Deniz yolu taşımacılığında yaşanan konteyner krizine rağmen TIR’lar konusunda ciddi bir sorun yaşanmadığını dile getiren Şener, “Asya’dan gelen ürünlerde yılın önemli bir kısmında konteyner sorunu yaşandı ve konteyner bulunamadı. Süveyş Kanalı’nda geçici de olsa kapanmalar oldu. Avrupa’daki tedarik ciddi ölçüde aksadı. Tüm bunlara ek olarak otomotiv üretiminde çip sorunu yaşandı. Böyle olunca Türkiye can simidi gibi Avrupa’nın imdadına yetişti. Ticaretimizin yaklaşık yarısını yaptığımız Avrupa’ya karayolu filomuzun gücü sayesinde hızlı ve vaktinde ulaştık” şeklinde konuşuyor.

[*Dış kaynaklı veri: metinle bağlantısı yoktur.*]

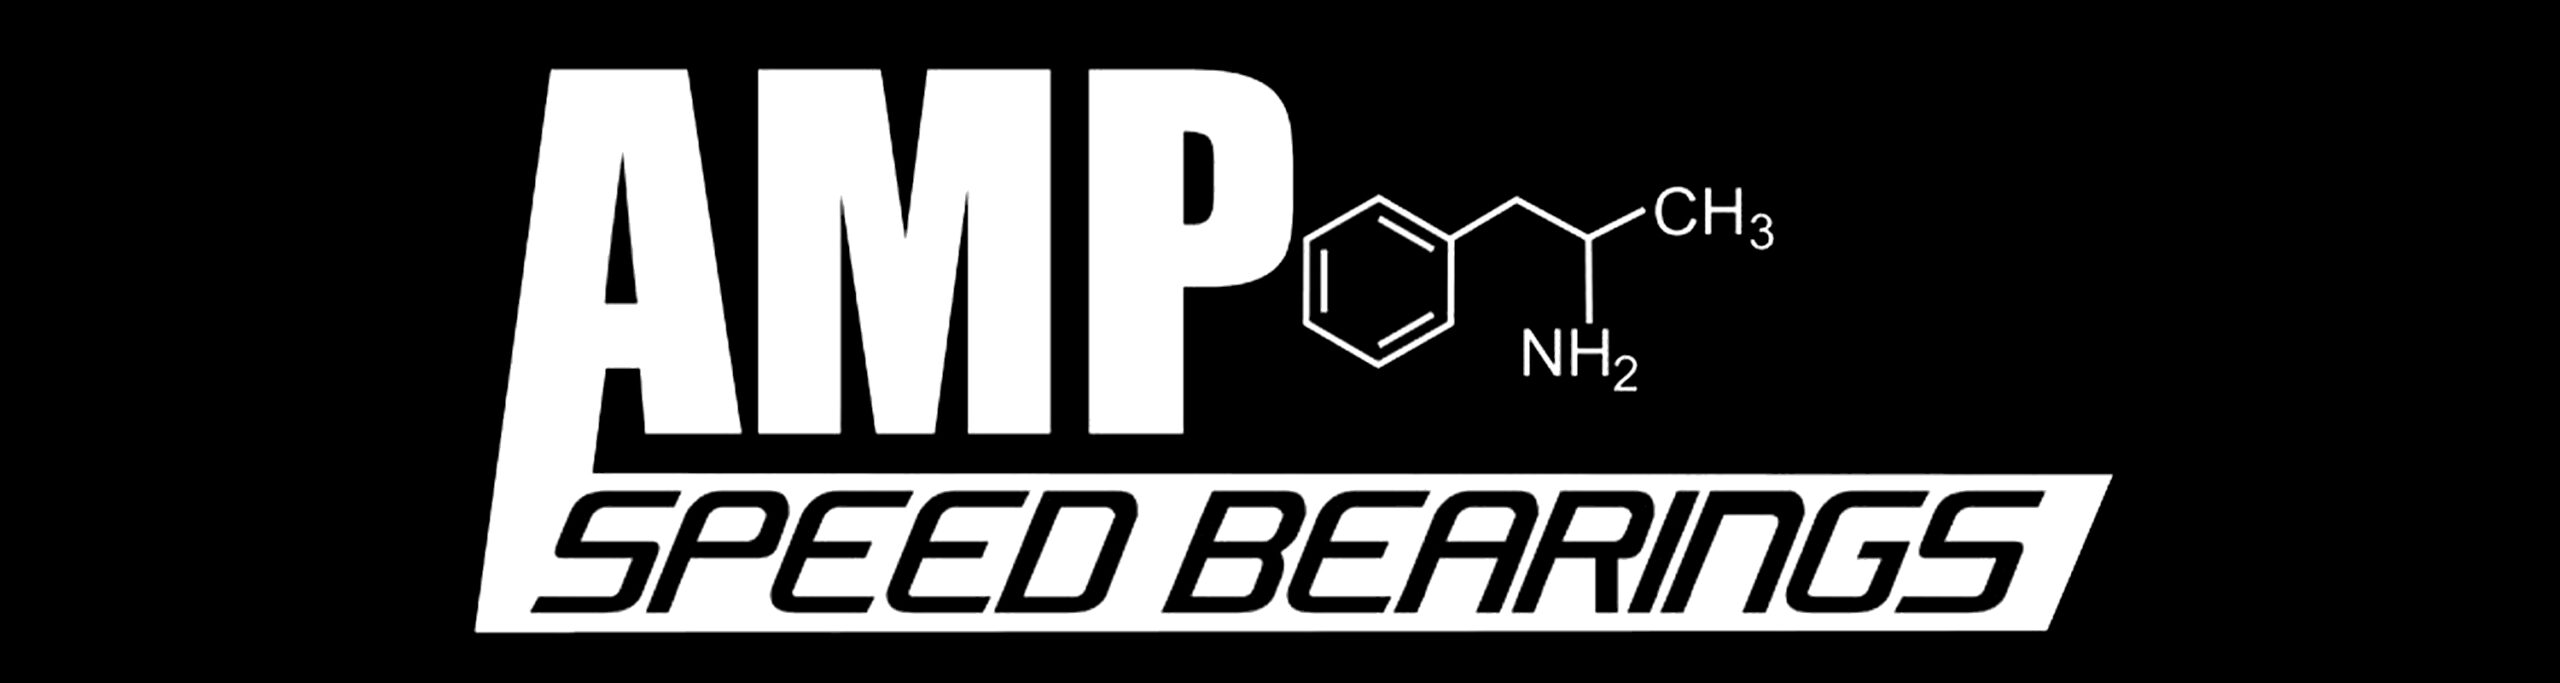 Amphetamine Longboard & Skateboard Bearings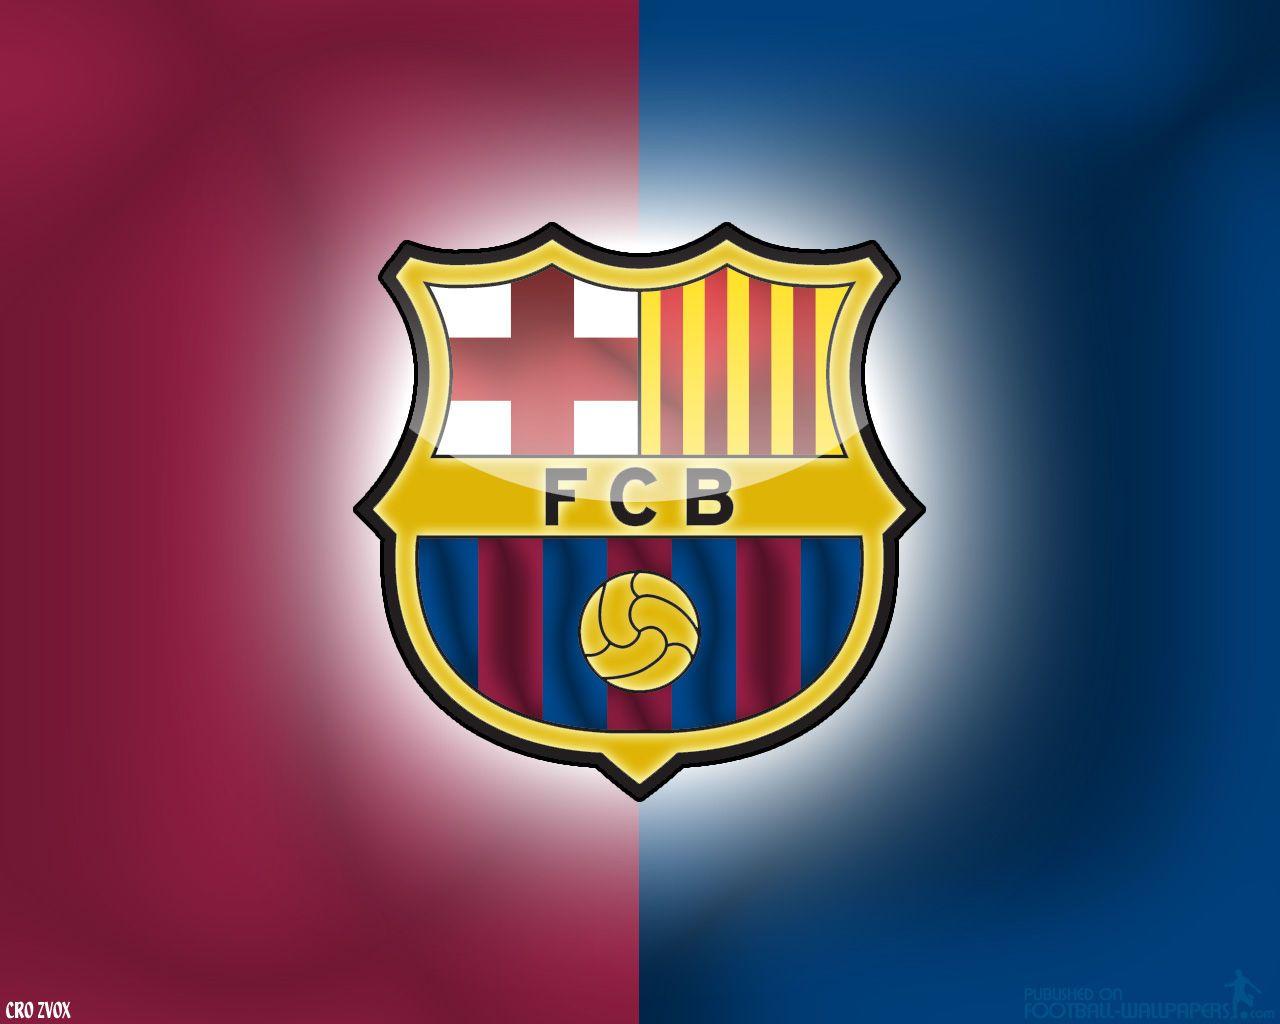 Barcelona Badge Wallpaper: Players, Teams, Leagues

Yaşanan politik sorunlar nedeniyle Ortadoğu’ya gidemeyen ve beklemede olan TIR’ların, artan talep nedeniyle Avrupa’ya yönlendirildiğini belirten Şener, buna rağmen siparişlere yine de yetişmekte zorlanıldığını ifade ediyor. Şener, “2020’ye göre karayolu çıkışlarına baktığımızda yüzde 20’yi aşan bir artış var. Sınır kapılarında bekleme konusu olmasa ve hızlı gidip gelebilsek gerçekten filolar ihracata yetmeyecek. Araç filosu olarak uluslararası TIR filomuz 63 bin civarında, filo yüzde 5 civarında yatırım yaptı ama sektörün yatırım iştahı çok yüksek” diye belirtiyor.